*** Source information ***

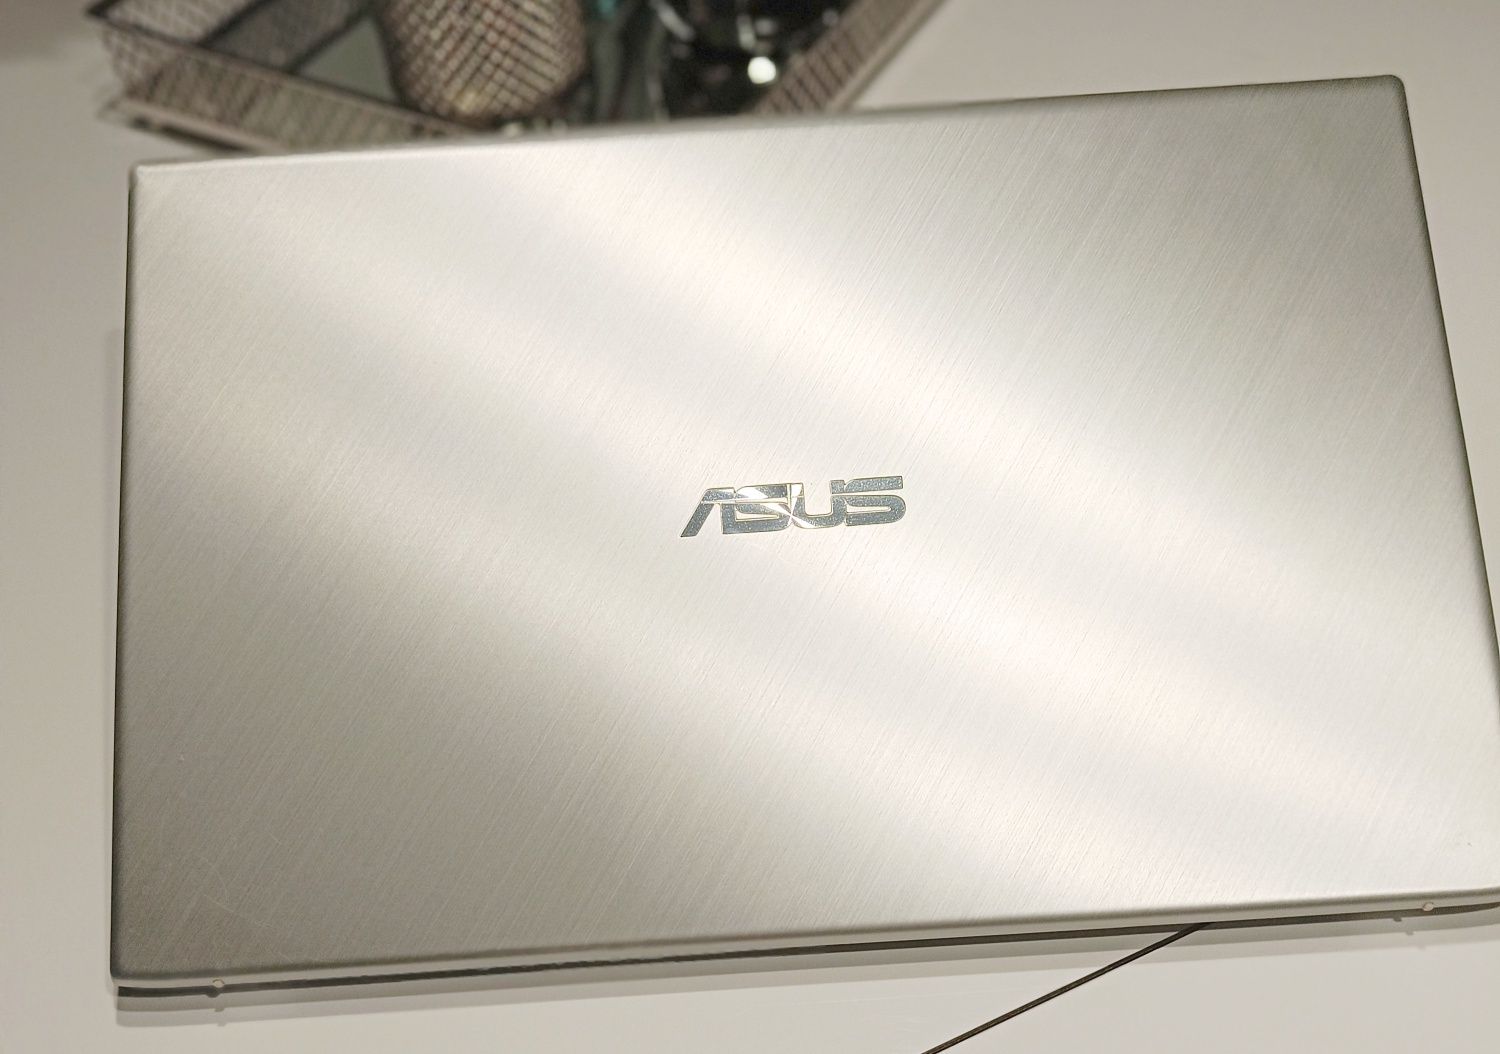 ASUS VivoBook A512JA-BQ203T 15.6" i5-1035G1 8GB RAM 512GB SSD
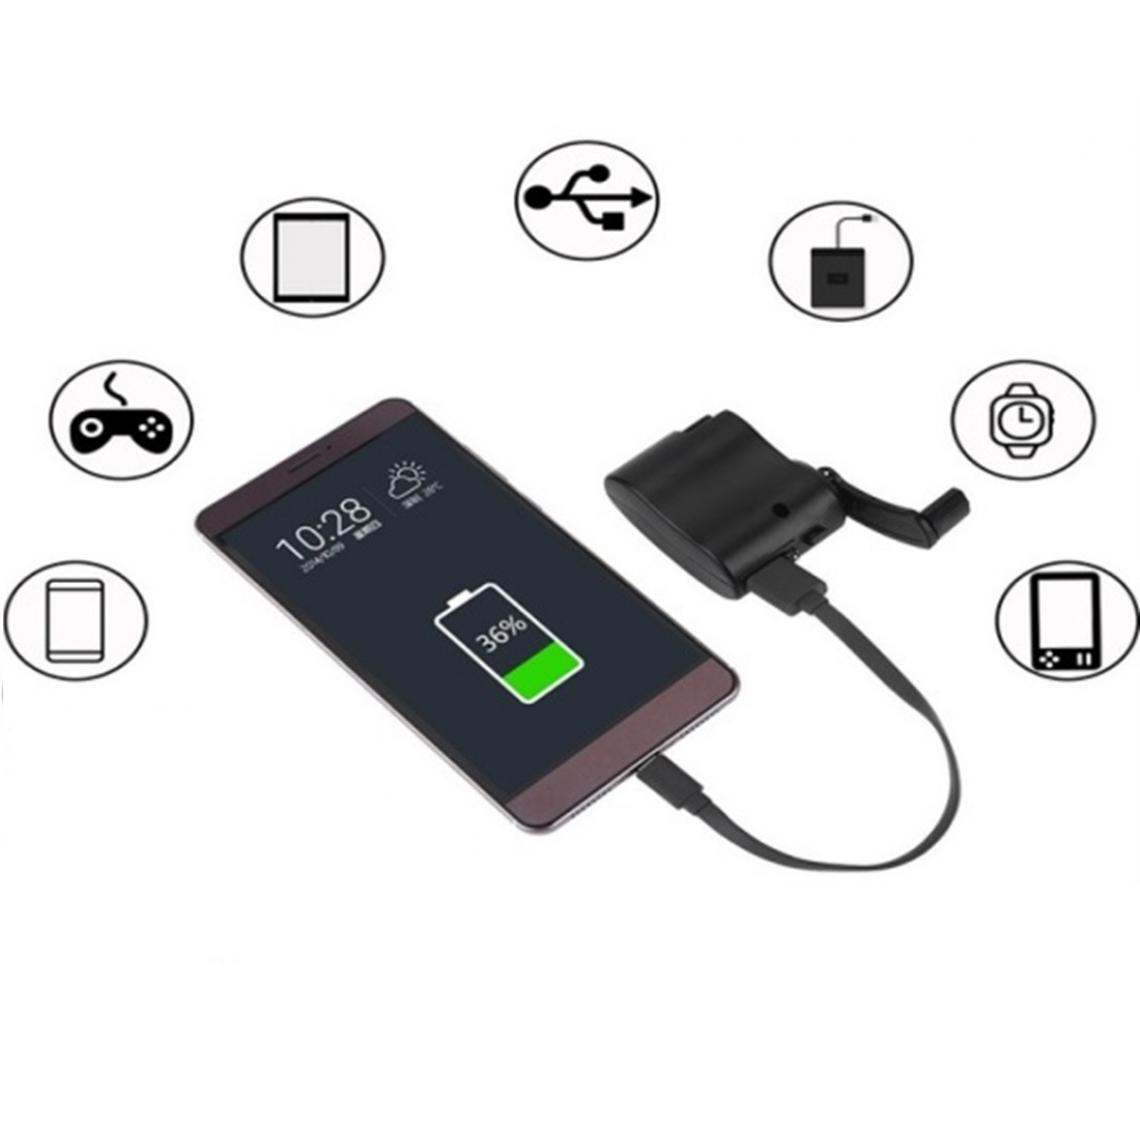 Shot - Dynamo pour LG G6 Smartphone Chargeur USB Batterie Manivelle Secours (NOIR) - Autres accessoires smartphone
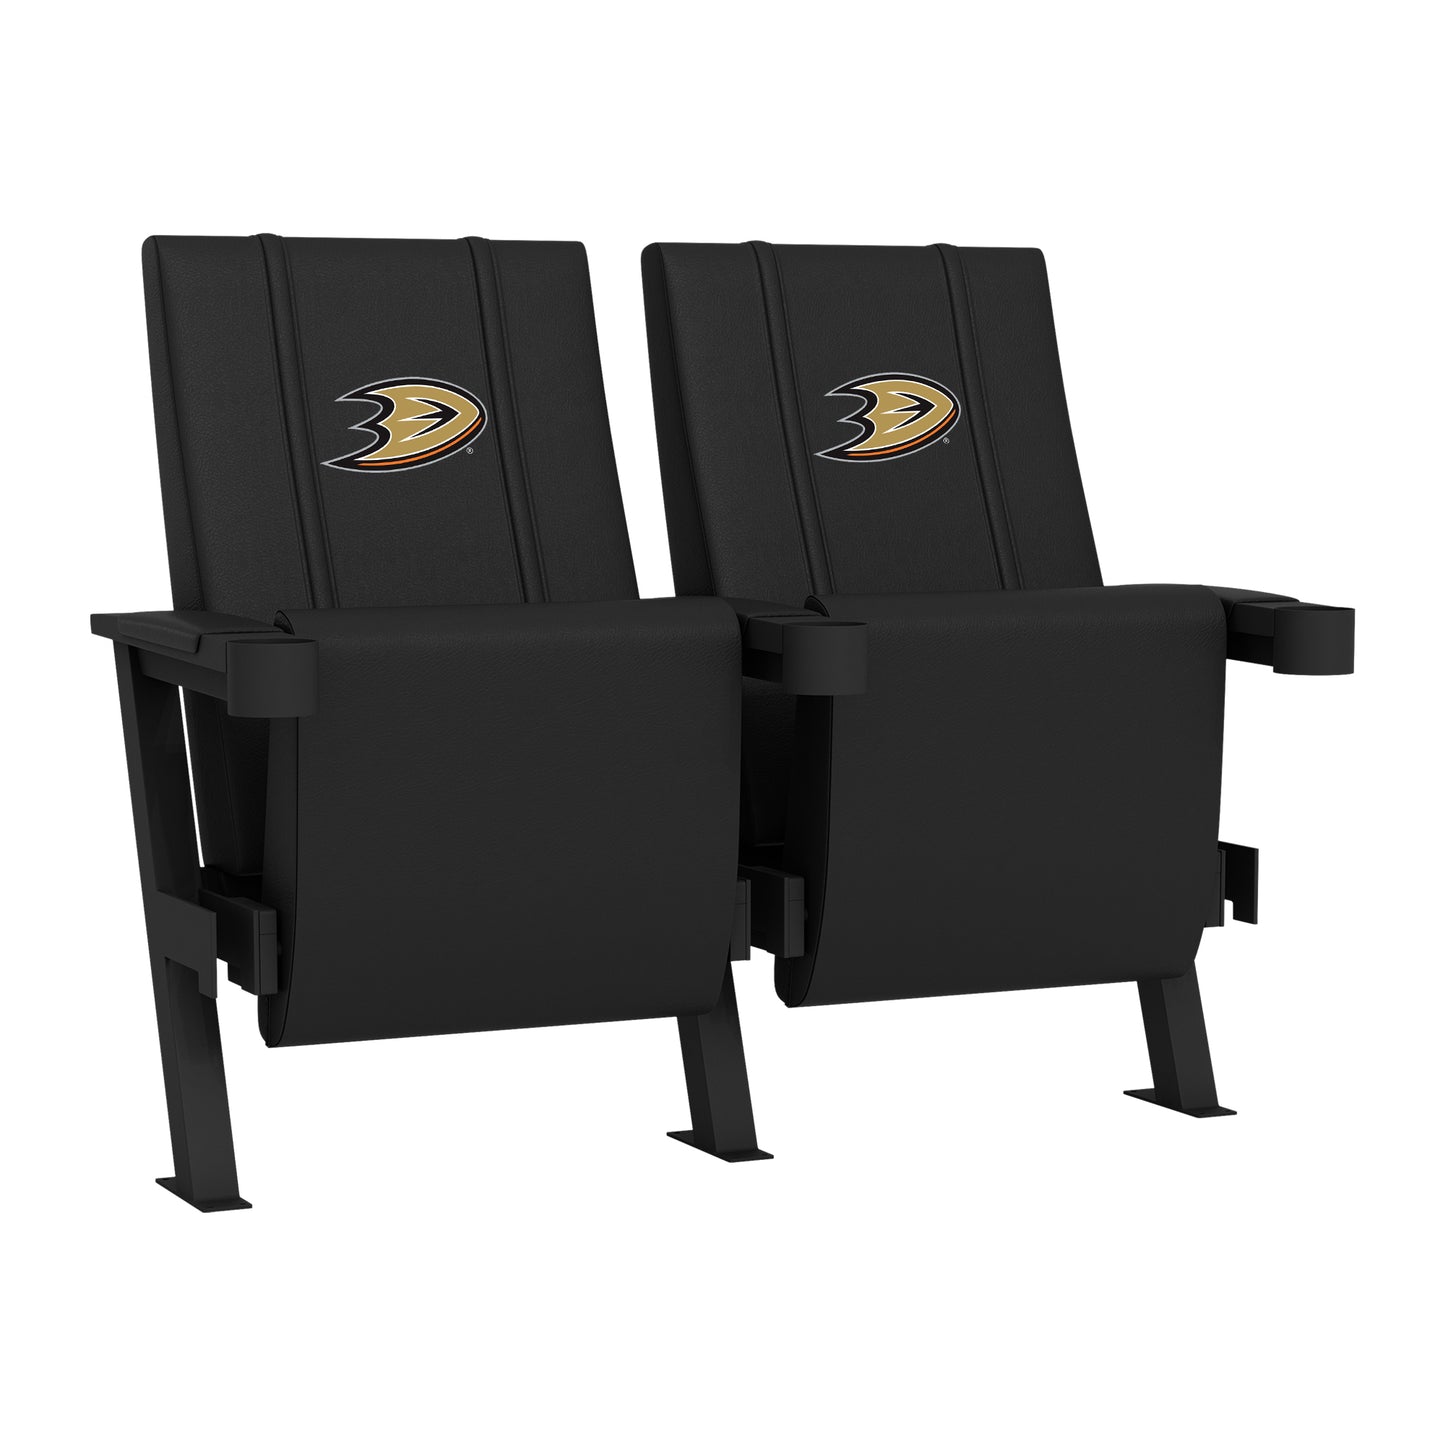 SuiteMax 3.5 VIP Seats with Anaheim Ducks Logo
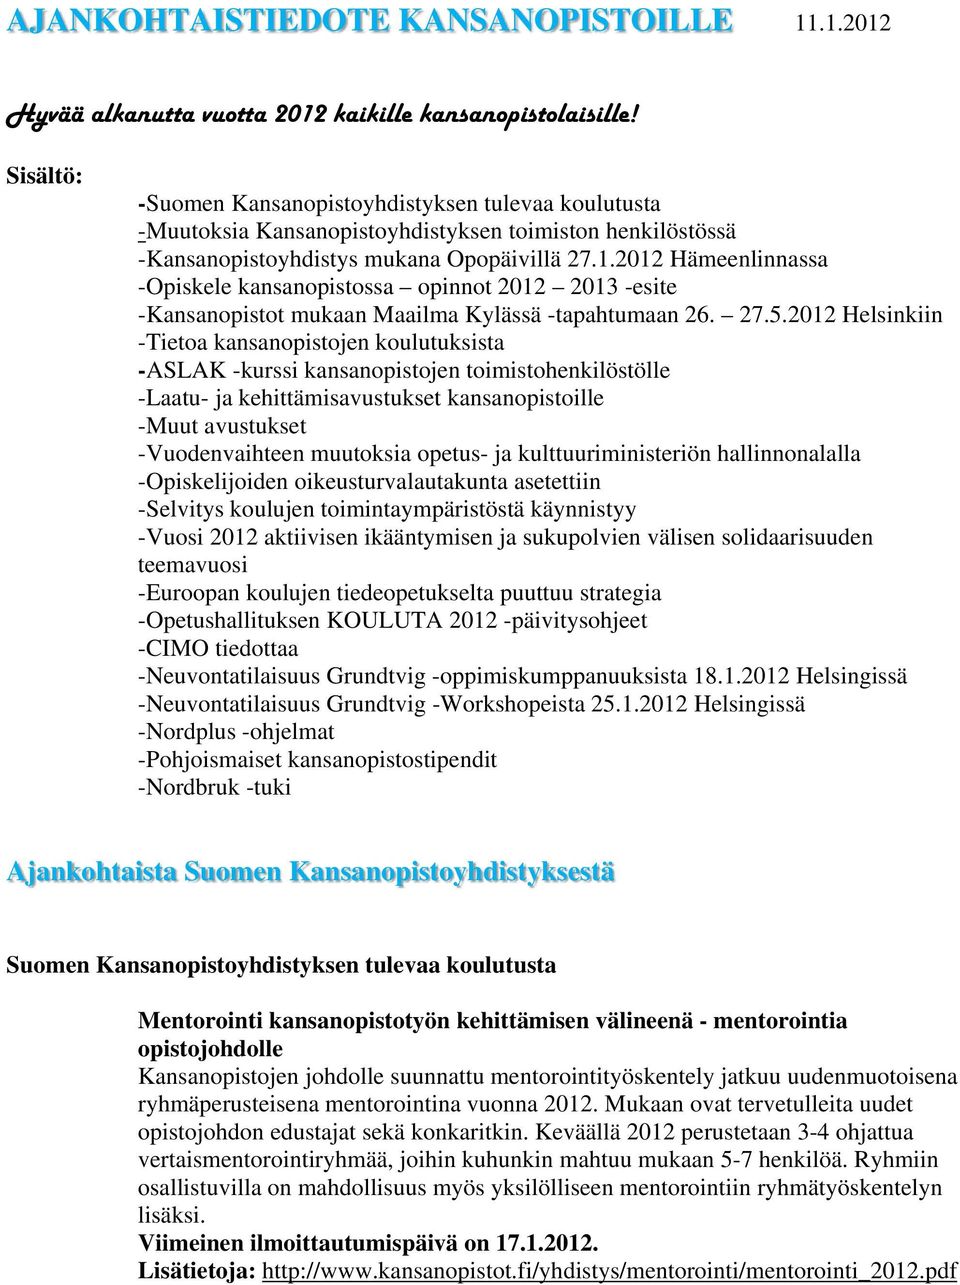 2012 Hämeenlinnassa -Opiskele kansanopistossa opinnot 2012 2013 -esite -Kansanopistot mukaan Maailma Kylässä -tapahtumaan 26. 27.5.
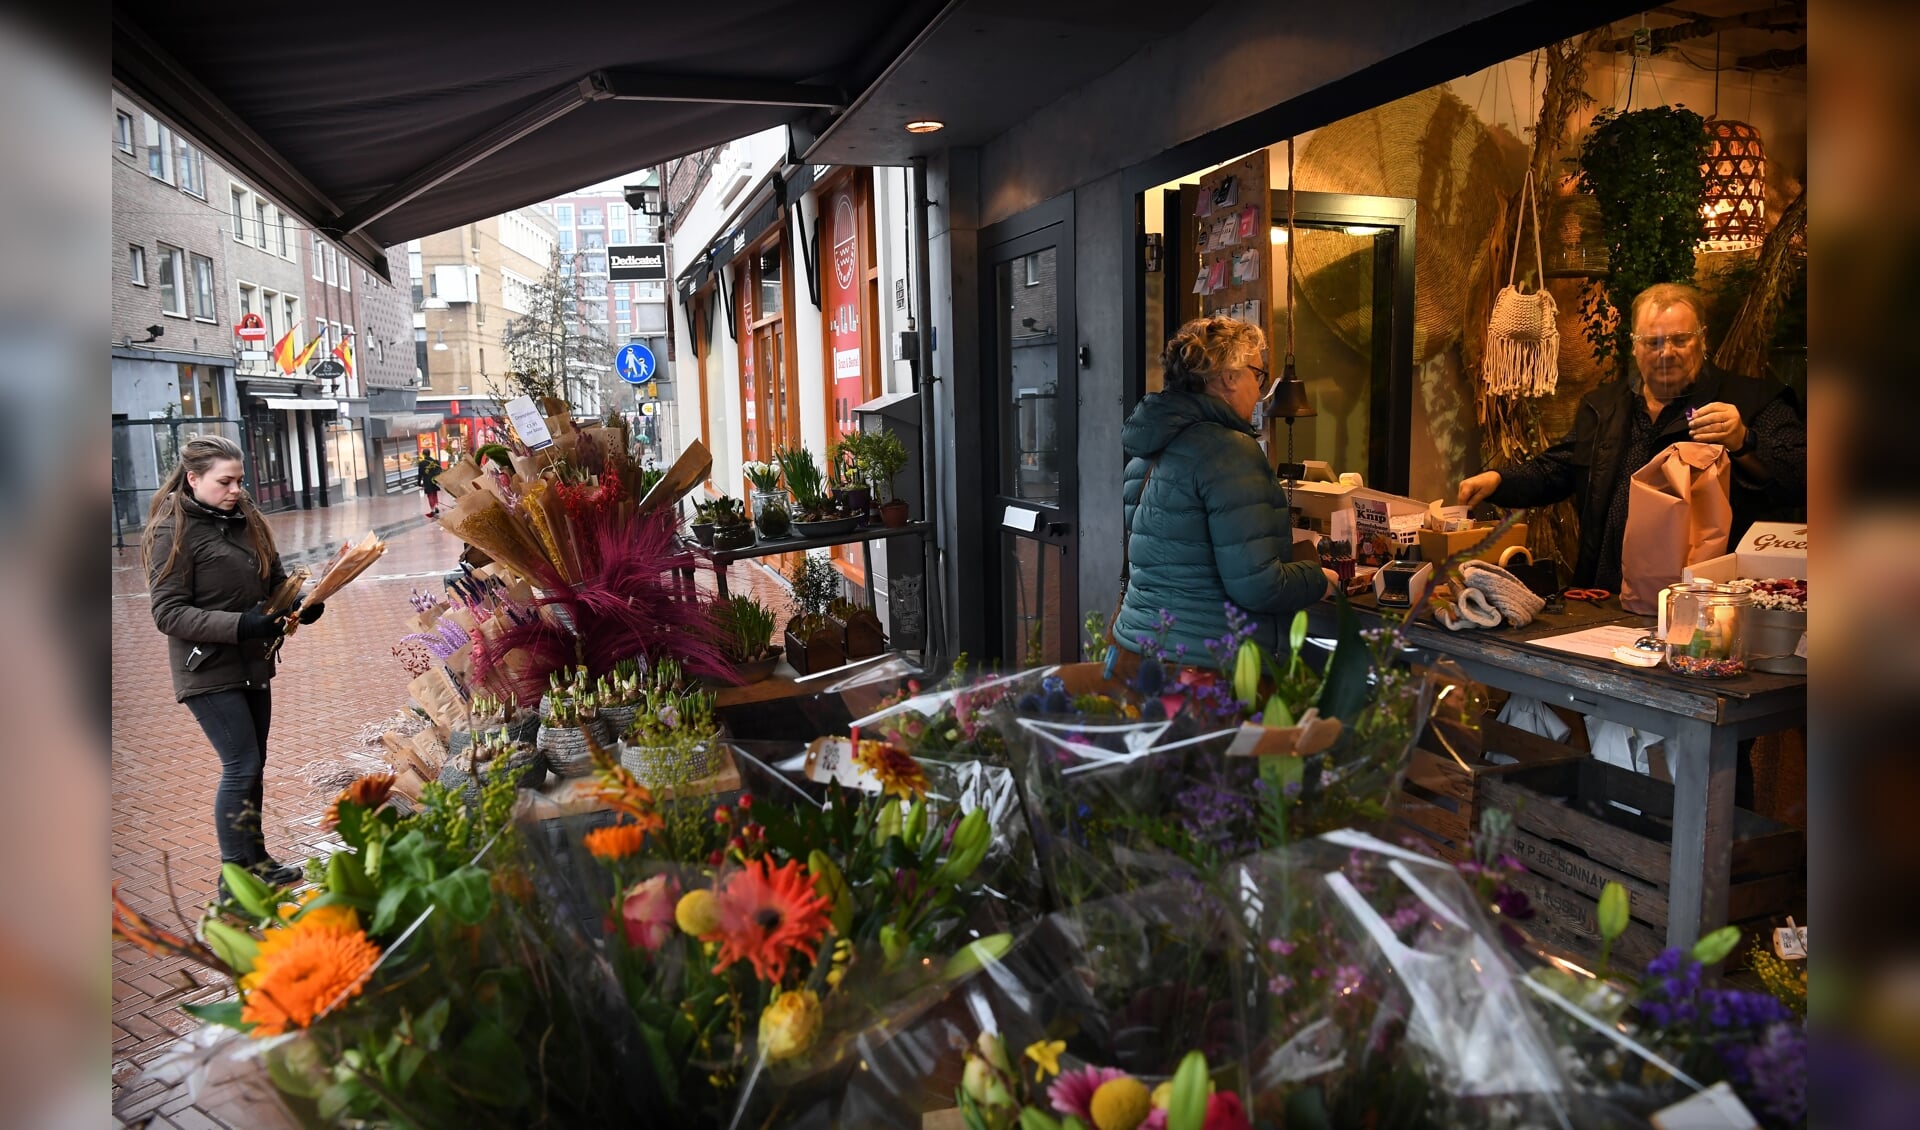 De bloemenwinkel mag aan de straat verkopen; vanuit de ingang van de winkel.

*** End of Source information ***

__Assignment__. Please output every entry above exactly, without the pictures.

__Answer box__.
 ASUS VivoBook A512JA-BQ203T 15.6" i5-1035G1 8GB RAM 512GB SSD
 Shot - Dynamo pour LG G6 Smartphone Chargeur USB Batterie Manivelle Secours (NOIR) - Autres accessoires smartphone
 SuiteMax 3.5 VIP Seats with Anaheim Ducks Logo
 2012 Hämeenlinnassa -Opiskele kansanopistossa opinnot 2012 2013 -esite -Kansanopistot mukaan Maailma Kylässä -tapahtumaan 26. 27.5.
 De bloemenwinkel mag aan de straat verkopen; vanuit de ingang van de winkel.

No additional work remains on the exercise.